Alabama Redistricting Map Blocked, SCOTUS Partisanship Debate Reignites — Here's What's Actually New
A three-judge federal panel blocked Alabama Republicans' new congressional map this week, ruling it still violated the Supreme Court's Voting Rights Act mandate. Meanwhile, fresh data and a new USA Today analysis are cutting against the dominant media narrative that the Court is purely partisan — and the numbers are more complicated than either side wants to admit.

Alabama's Map Is Dead. Again.

A three-judge federal panel blocked Alabama Republicans' redrawn congressional map on Tuesday, according to The Hill.

The judges ruled it still failed to comply with the Supreme Court's directive in Allen v. Milligan — the 2023 decision that told Alabama it needed a second majority-Black district. Alabama Republicans drew a new map anyway. The panel said: not good enough.

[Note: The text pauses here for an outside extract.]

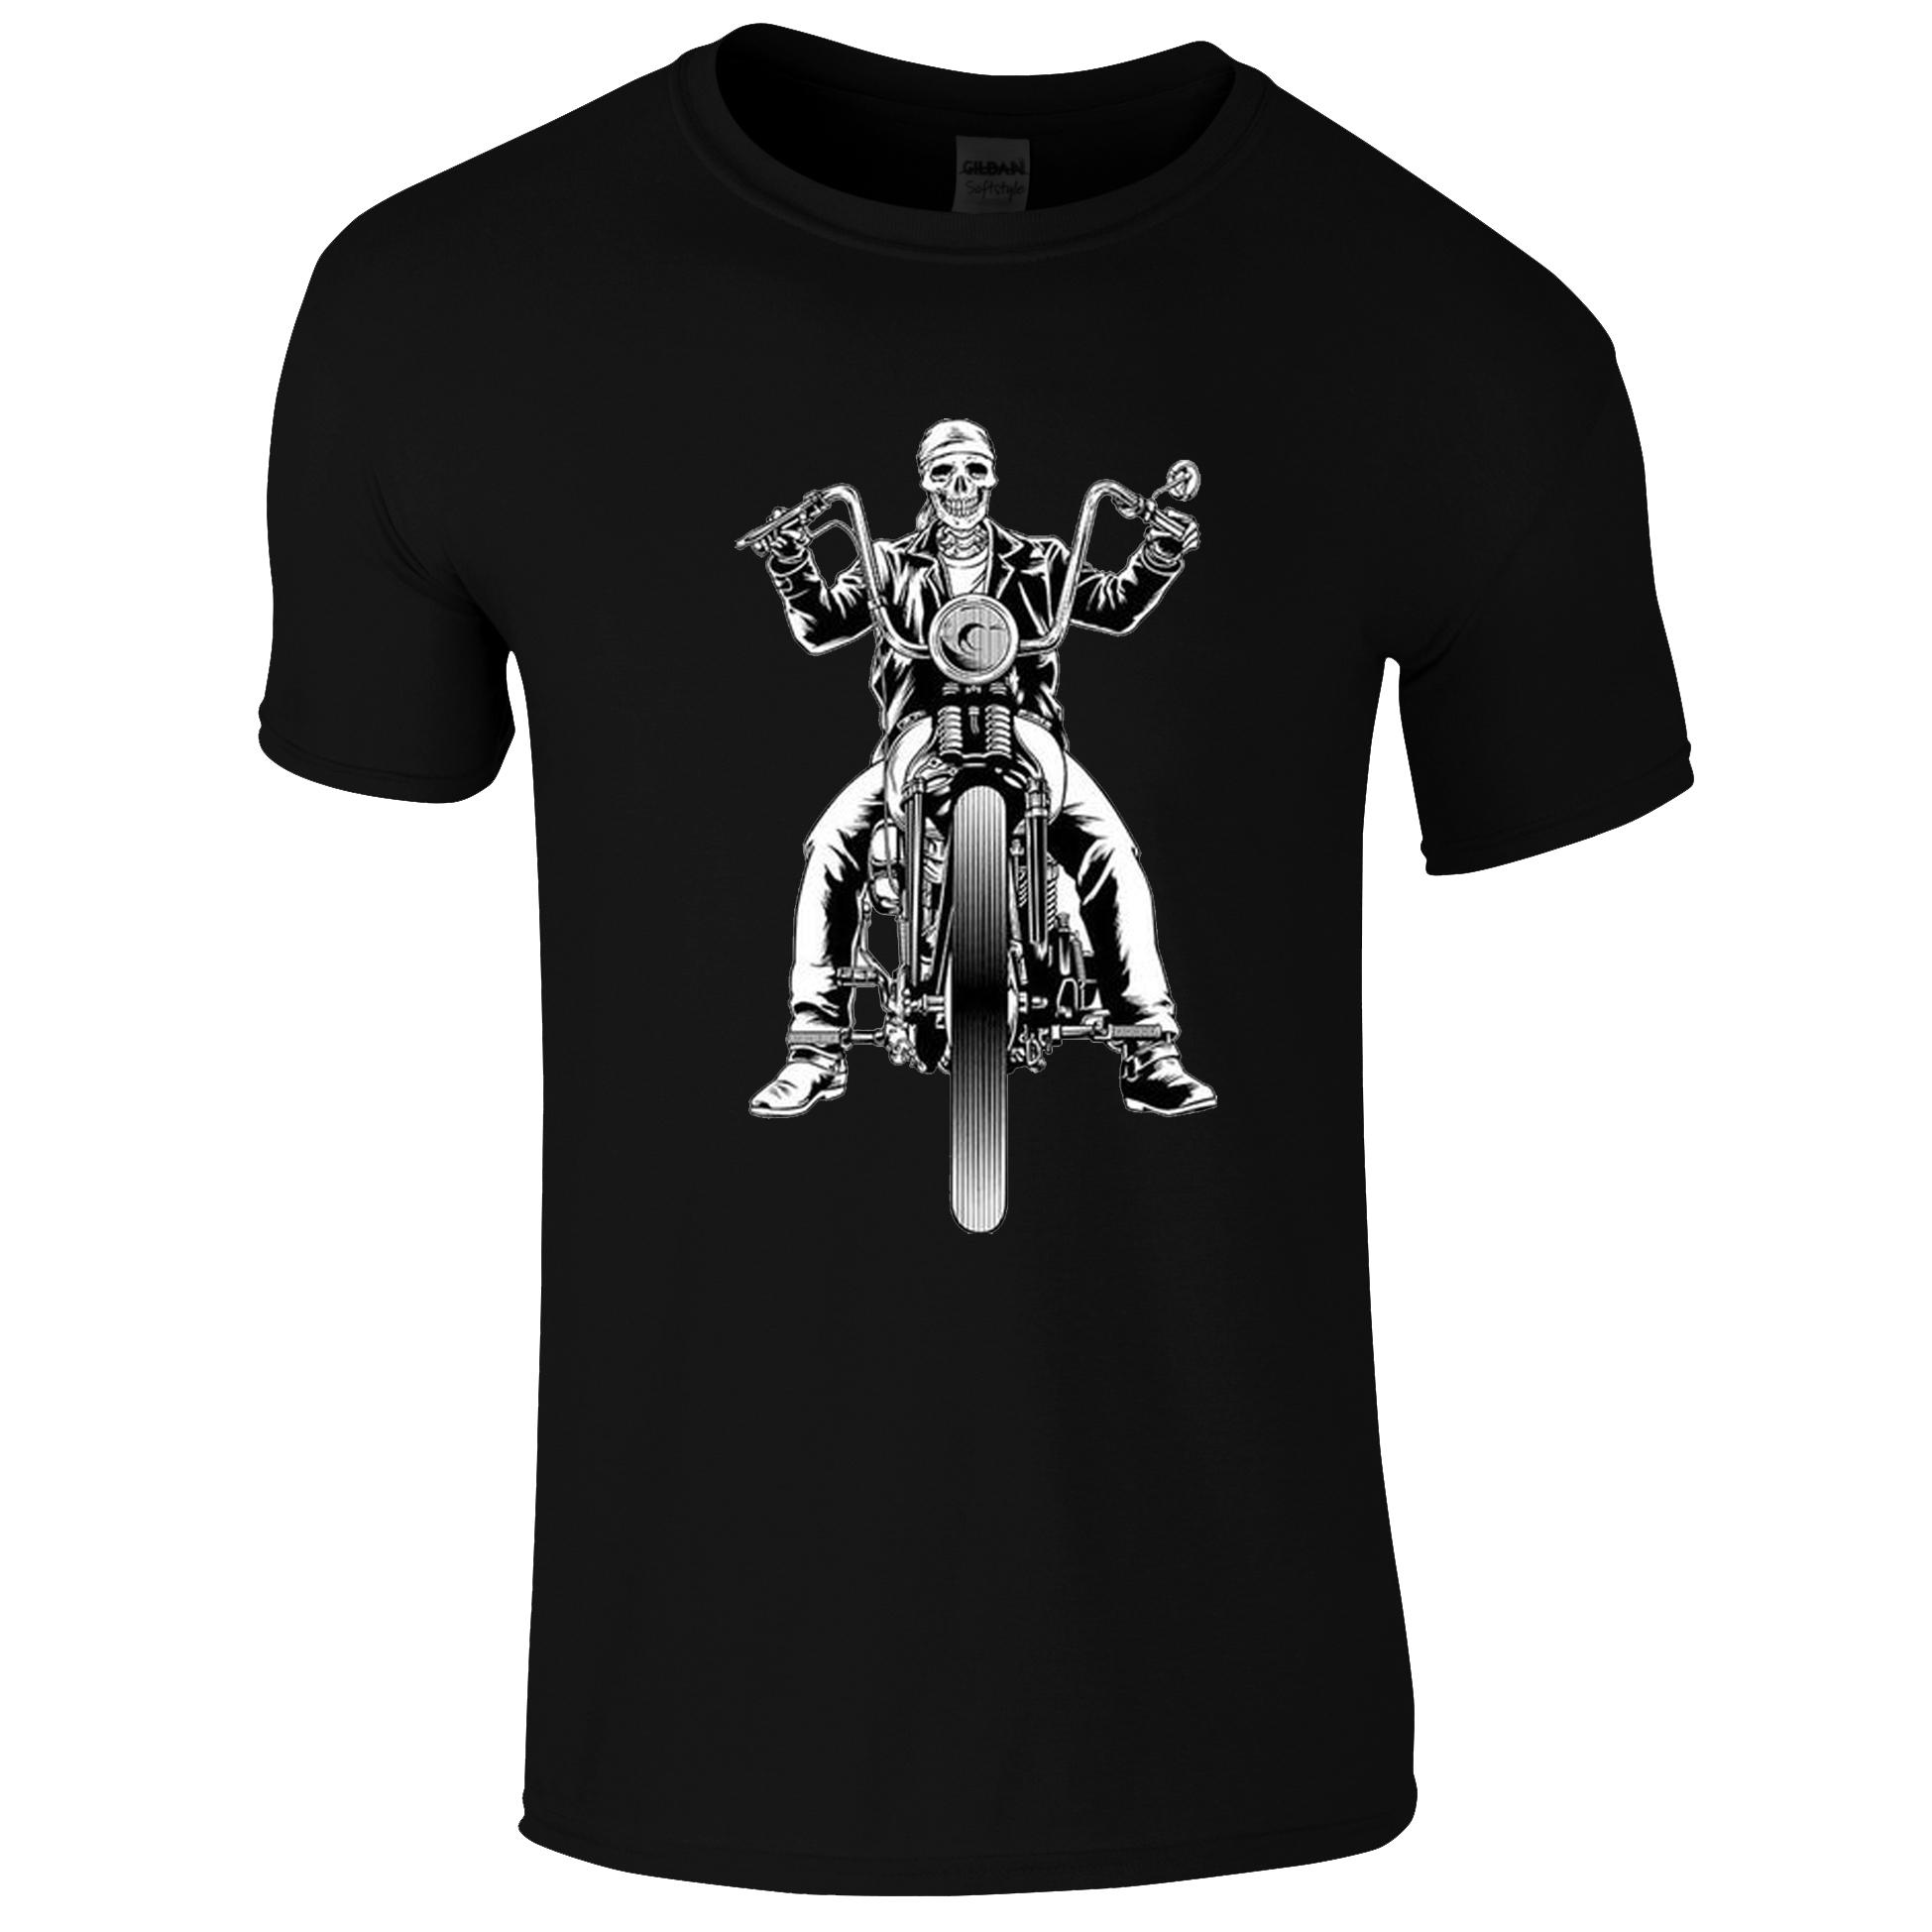 Schwarz Weiß Ghostrider auf schwarzen T-Shirt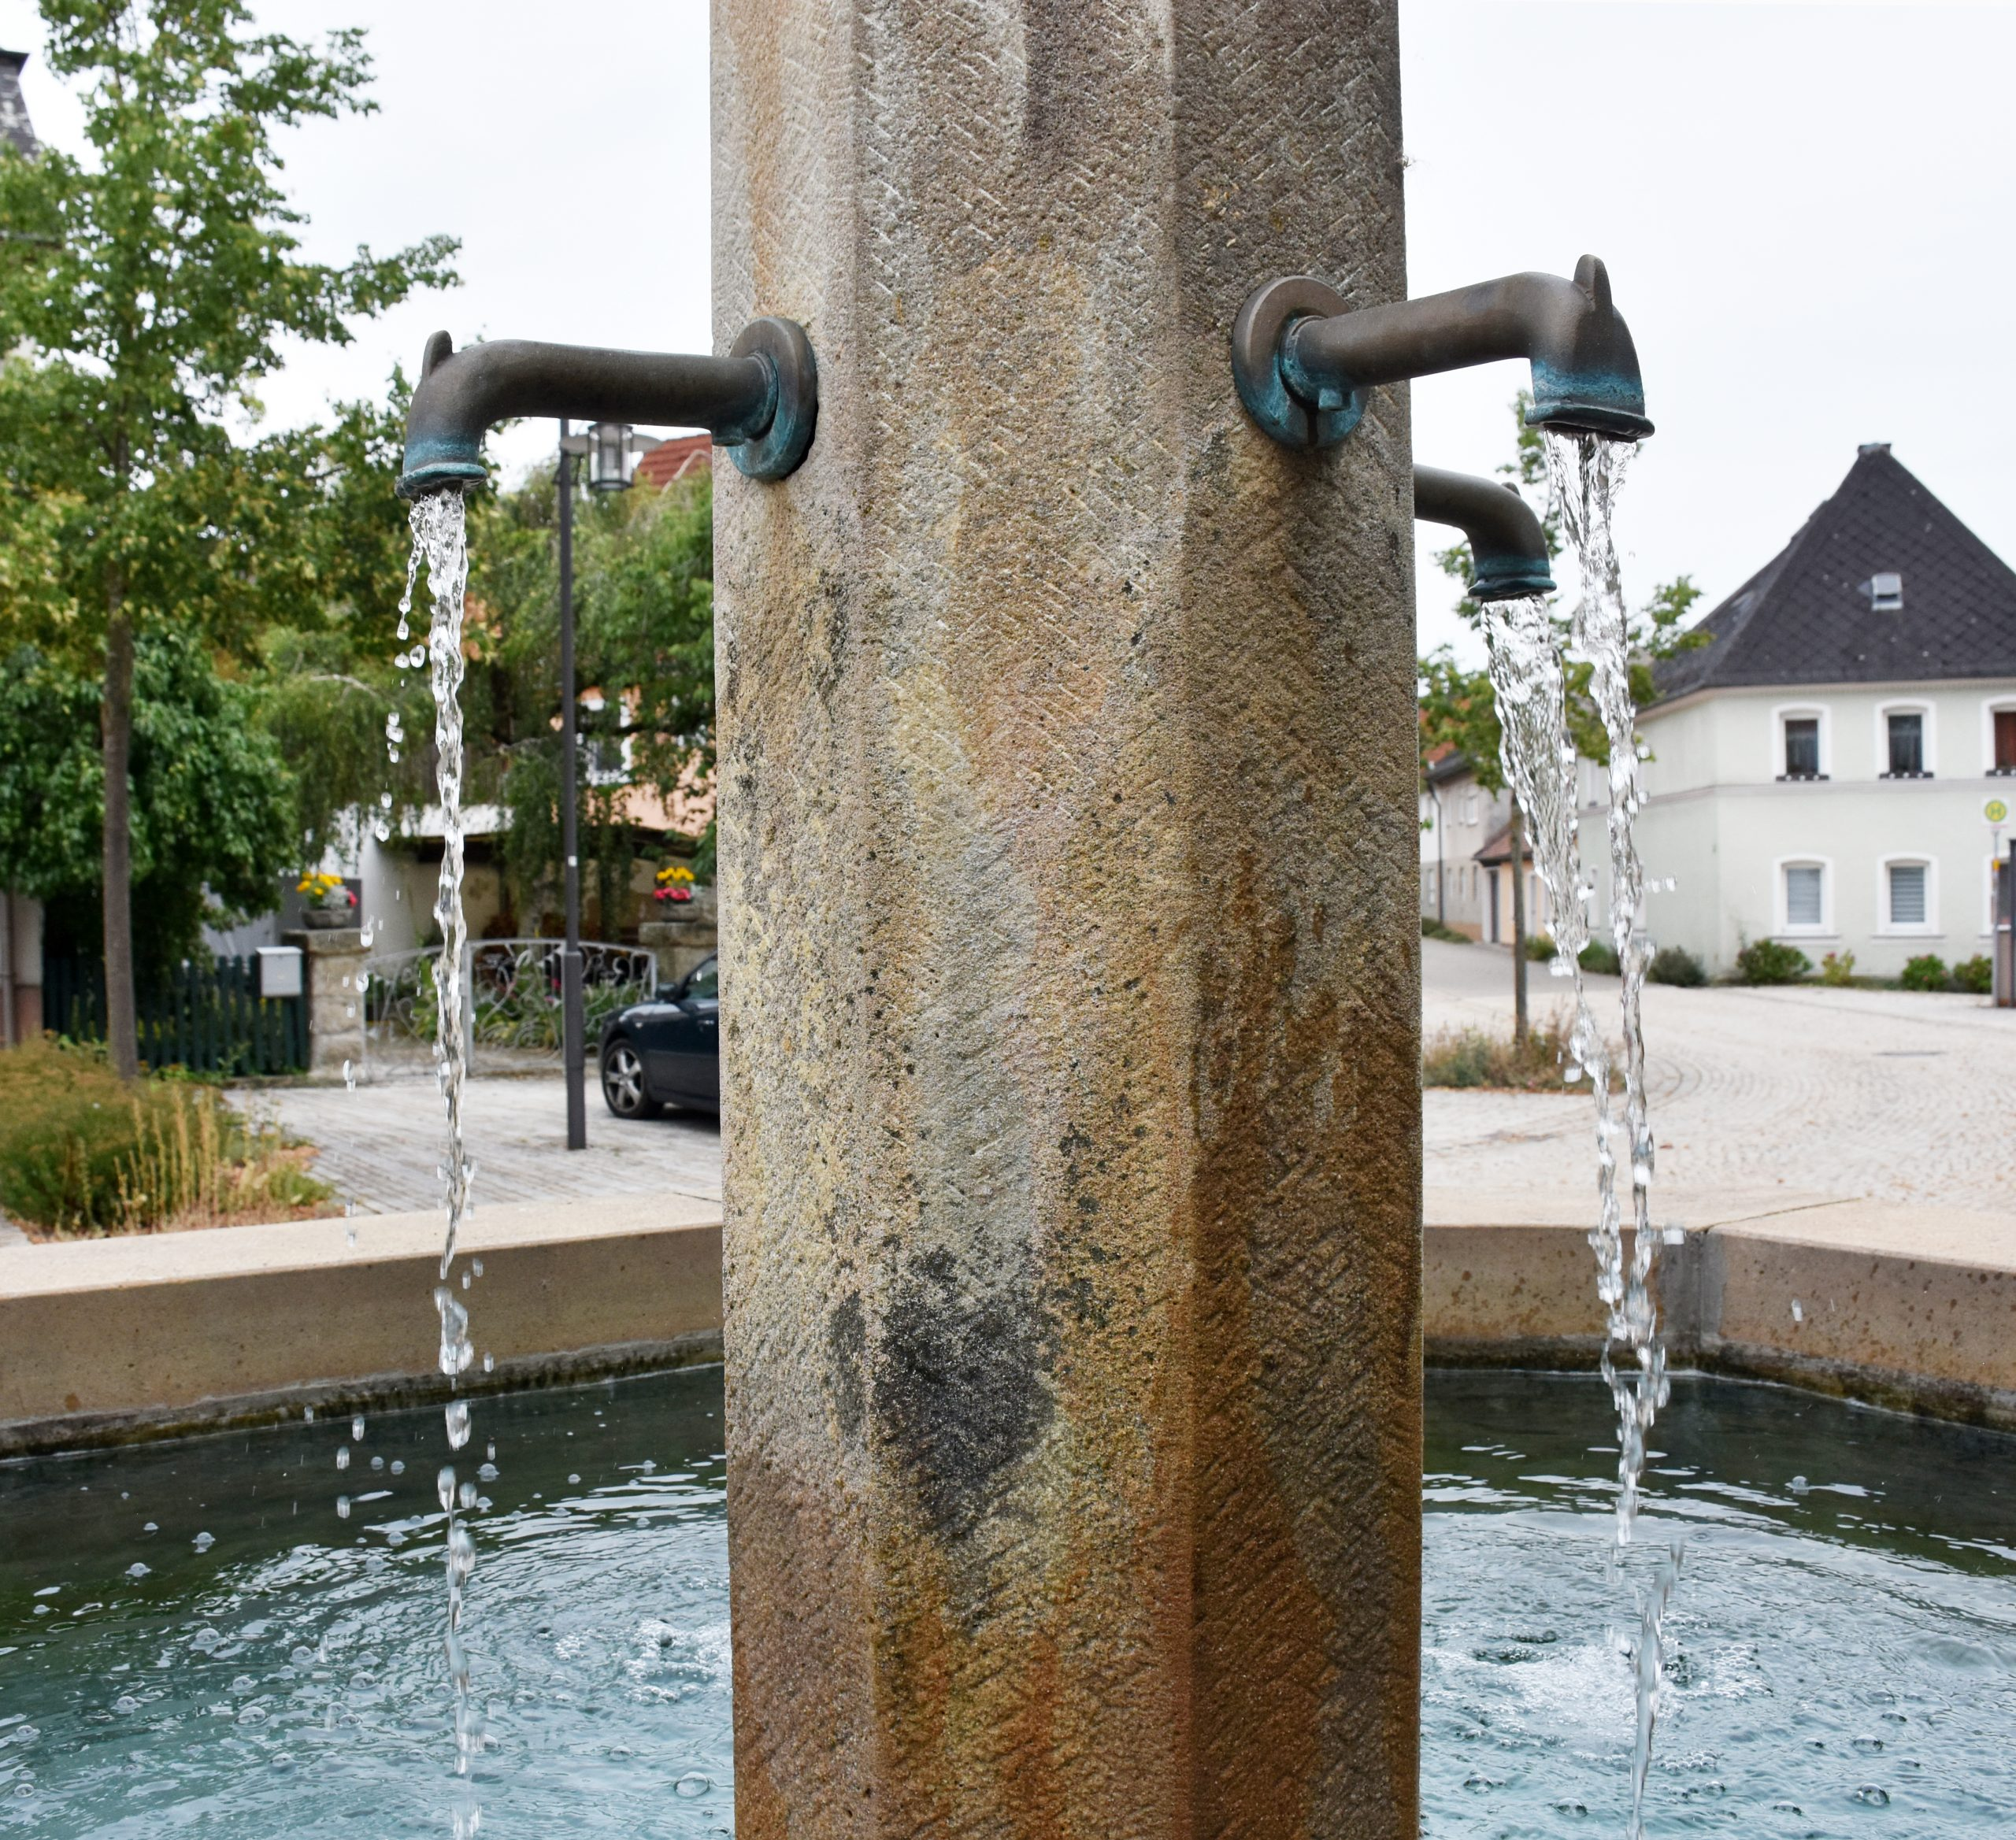 Wasserversorgung Speichersdorf Symbolbild

This is not a new fight. But Tuesday's ruling is the latest concrete development in an ongoing legal saga. The federal panel directly contradicted Alabama Republicans' argument that their revised map satisfied the Court's requirements.

The Supreme Court told Alabama to fix its map. Alabama fixed it. The federal panel looked at the fix and said it does not work. Alabama Republicans are now running out of runway.

The Broader SCOTUS Partisanship Fight — What's Actually New

Justice Ketanji Brown Jackson issued a public broadside against the conservative supermajority following the Louisiana redistricting decision. The story has moved.

A USA Today opinion piece published June 23, 2025 — by Dace Potas — pushes back hard on the partisan-Court narrative with actual data that mainstream coverage is largely ignoring.

Only 20% of Americans view the Supreme Court as politically neutral, according to recent polling cited by USA Today. That's a legitimacy crisis hiding in plain sight.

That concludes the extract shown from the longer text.